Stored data
⟨

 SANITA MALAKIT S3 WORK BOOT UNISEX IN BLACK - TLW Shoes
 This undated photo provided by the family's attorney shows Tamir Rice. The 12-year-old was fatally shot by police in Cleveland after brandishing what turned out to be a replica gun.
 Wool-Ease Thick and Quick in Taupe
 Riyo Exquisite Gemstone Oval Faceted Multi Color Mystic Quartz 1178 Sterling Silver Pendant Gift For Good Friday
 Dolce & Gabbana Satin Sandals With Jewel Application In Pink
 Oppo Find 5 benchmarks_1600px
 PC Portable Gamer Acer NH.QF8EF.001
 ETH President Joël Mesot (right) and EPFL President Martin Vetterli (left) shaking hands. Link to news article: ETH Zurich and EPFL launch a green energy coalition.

⟩

■ INSTRUCTIONS TO FOLLOW: Leave out every line before the one containing "PC Portable Gamer Acer NH.QF8EF.001". Transcribe that line and all lines after it through the end of the data above, exactly.

■ EXERCISE OUTPUT:
 PC Portable Gamer Acer NH.QF8EF.001
 ETH President Joël Mesot (right) and EPFL President Martin Vetterli (left) shaking hands. Link to news article: ETH Zurich and EPFL launch a green energy coalition.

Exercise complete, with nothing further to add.